Salud masculina, entre mitos y desconocimiento

[30-10-2018]
La imagen corresponde a la campaña uruguaya Noviembre Azul para prevenir el cáncer de próstata. La imagen corresponde a la campaña uruguaya Noviembre Azul para prevenir el cáncer de próstata.

El deterioro progresivo de funciones en el hombre que envejece y sus efectos en su salud y calidad de vida contrasta con el poco conocimiento que tienen sobre el tema la población y también profesionales de la salud.
Así lo confirmaron más de 200 especialistas del Instituto Nacional de Endocrinología y la Sociedad Cubana de esa rama en todo el país, al presentar el pasado 26 de octubre el I Consenso cubano sobre Andropausia, elaborado en colaboración con la Sociedad Cubana Multidisciplinaria para el Estudio de la Sexualidad (Socumes).

La necesidad de atender esta situación de salud cobra valor ante el acelerado proceso de envejecimiento de la población cubana.

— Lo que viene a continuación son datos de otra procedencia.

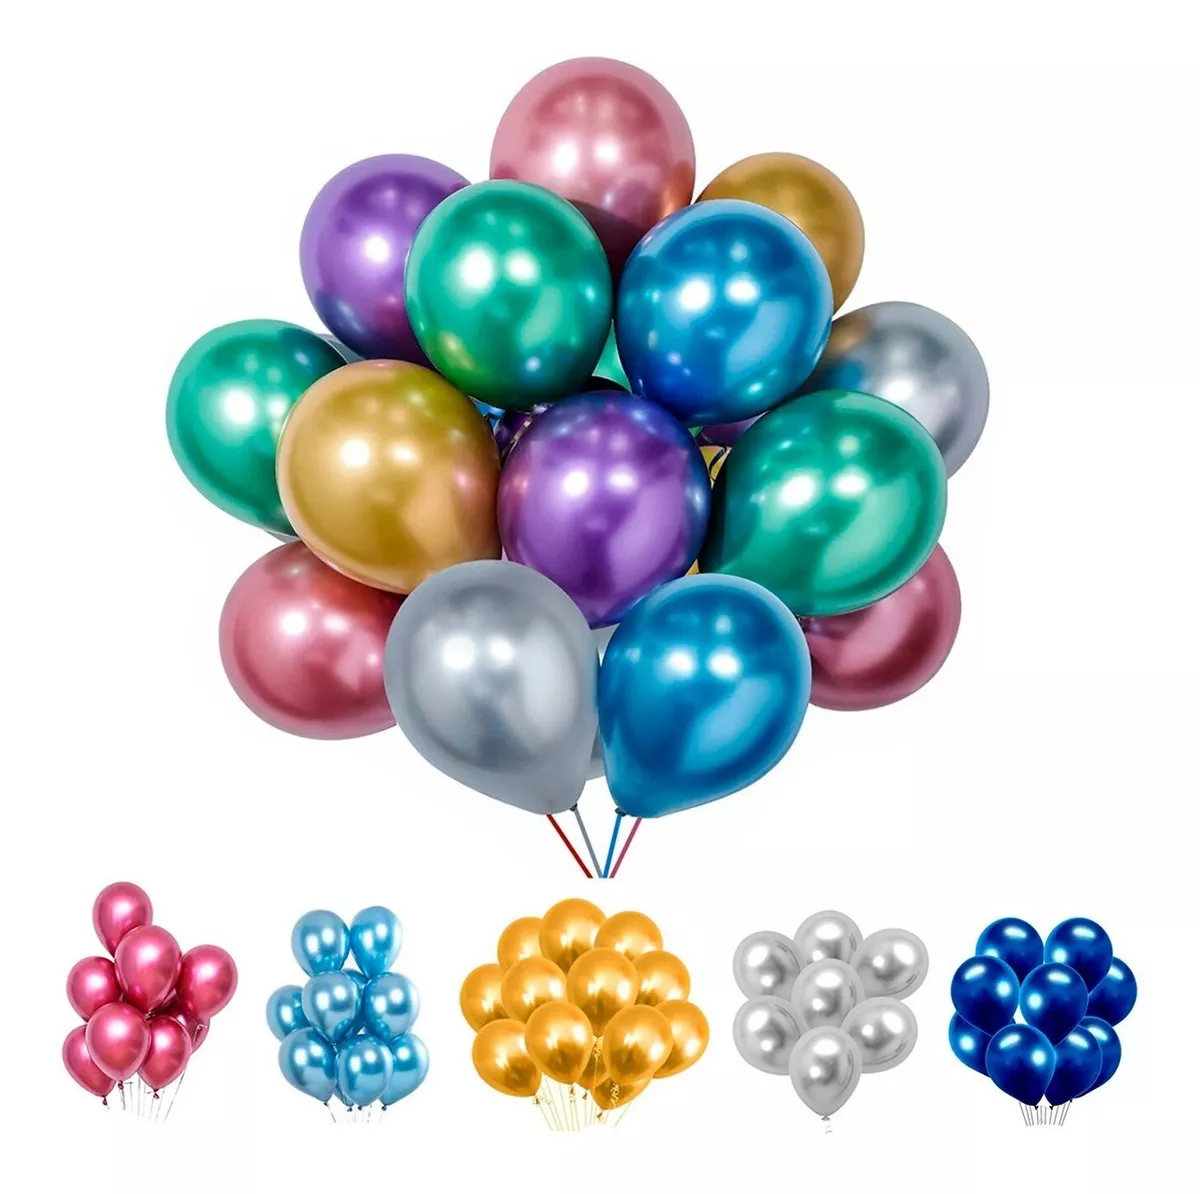 Balão Bexiga Metalizado 25 Unidades - N°9 - Diversas Cores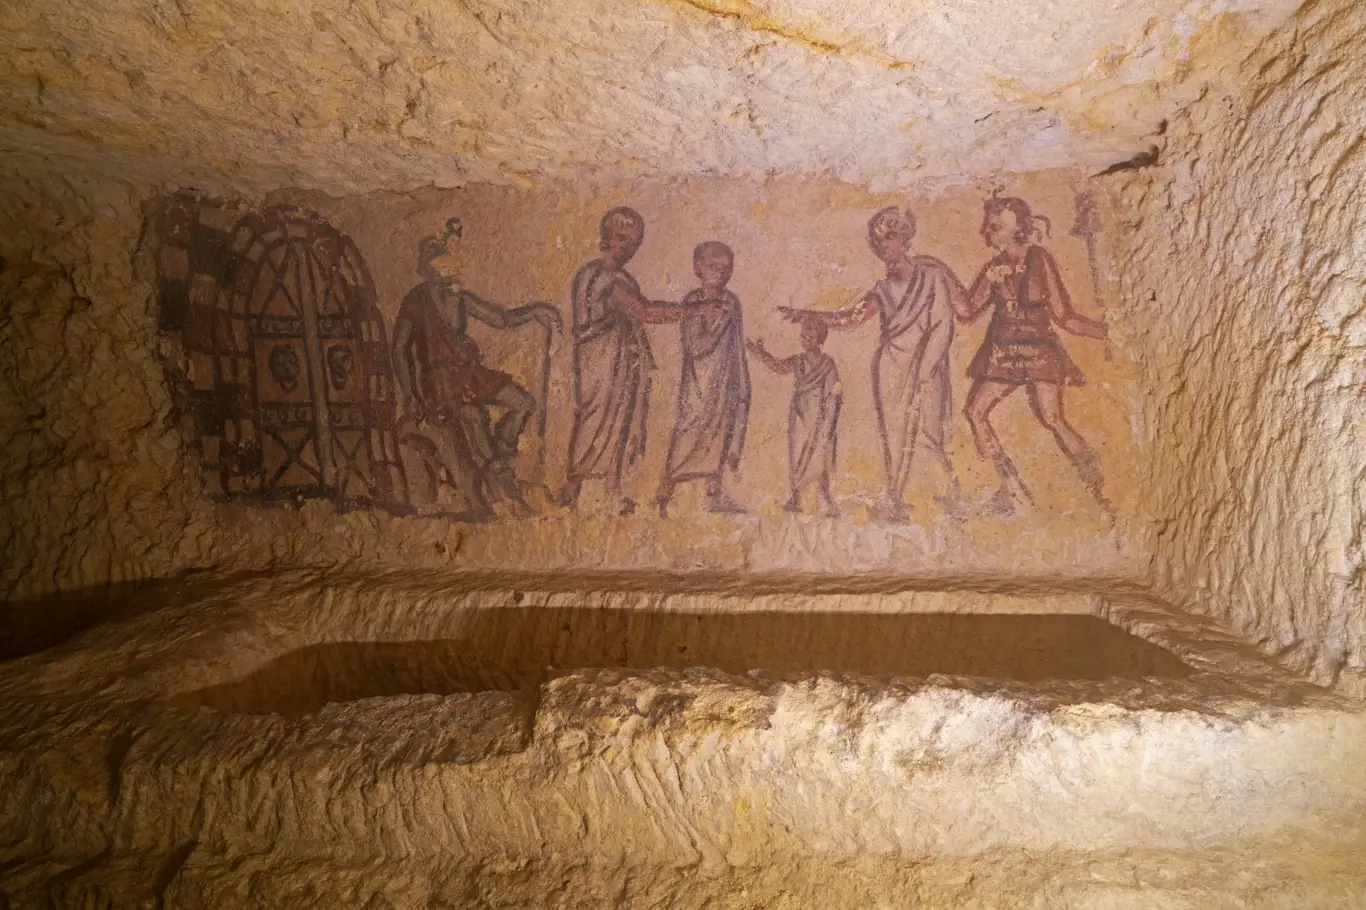 Starověké etruské hrobky v Tarquinii v Itálii. Malované pohřební komory.

De acuerdo con la de la Oficina Nacional de Estadísticas e Información, las personas con 60 años y más en el país representan 20,1 por ciento del total de la población.
Popularmente el término andropausia se utiliza para describir los síntomas y signos asociados a una declinación gradual de la secreción de testosterona (T), lo que ocurre con el aumento de la edad en los hombres.
Sin embargo, el Consenso sostiene que el modo correcto de referirse a ese proceso biológico que viven muchos hombres a partir de los 40 años es hipogonadismo masculino tardío.
"Había que hacer una indagación y un trabajo de mesa profundo desde una perspectiva con base científica, que marcara las pautas por donde se mueven las opiniones más generalizadas o hegemónicas en torno al diagnóstico, manejo y tratamiento de este proceso, que desde la misma denominación ha sido muy controvertido", explicó a SEMlac la doctora Gilda Monteagudo Peña, Máster en Salud Reproductiva.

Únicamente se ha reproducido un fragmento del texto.